If you already have BWA installed and don’t want to create a new environment, just download the latest release binary (see right toolbar) and install with pip:

Then run pip install <binary.whl>

However BEST way is to setup an clean environment for the installation first (see below).

Environment and Dependencies

Installing ImmunoTyper-SR using pip will automatically install the following dependencies:

In addition to the above, you will need

  1. BWA mem mapper. We recommend using a new conda environment for the installation, which you can also use to install BWA:
conda create -n immunotyper-SR -c bioconda python=3.8 bwa samtools
conda activate immunotyper-SR
pip install <binary.whl>
  1. Gurobi solver configured with a valid license. Licenses are free for academic purposes.

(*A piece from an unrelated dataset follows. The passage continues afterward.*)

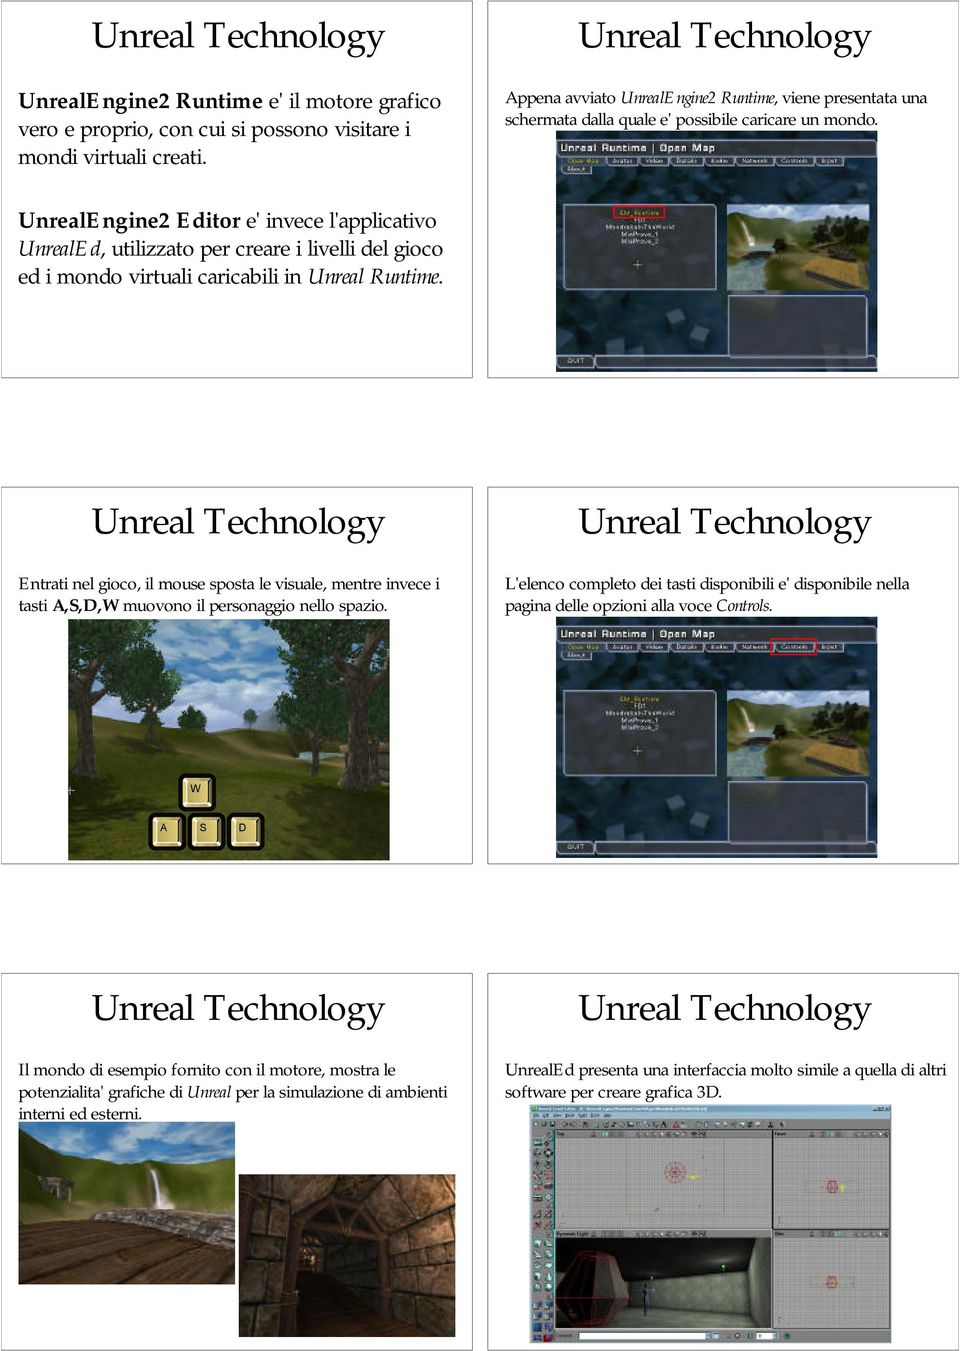 UnrealEngine2 Editor e' invece l'applicativo UnrealEd, utilizzato per creare i livelli del gioco ed i mondo virtuali caricabili in Unreal Runtime.

To check that gurobi is correctly configured, run gurobi_cl from a shell.

Installing from source

If the binary fails to install for whatever reason, you can build the tool from source as follows:

conda create -n immunotyper-SR -c bioconda python=3.8 bwa samtools
conda activate immunotyper-SR
git clone git@github.com:algo-cancer/ImmunoTyper-SR.git ./ImmunoTyper-SR
cd ImmunoTyper-SR
python -m pip install --upgrade  build
python -m build
pip install dist/<.tar.gz or .whl build>

Running ImmunoTyper-SR:

After installation with pip, simply use the command immunotyper-SR. The only required input is a bam file, and output is a txt file of allele calls save in the current working direction, with the name <bam_file>-IGHV_functional_allele_calls.txt.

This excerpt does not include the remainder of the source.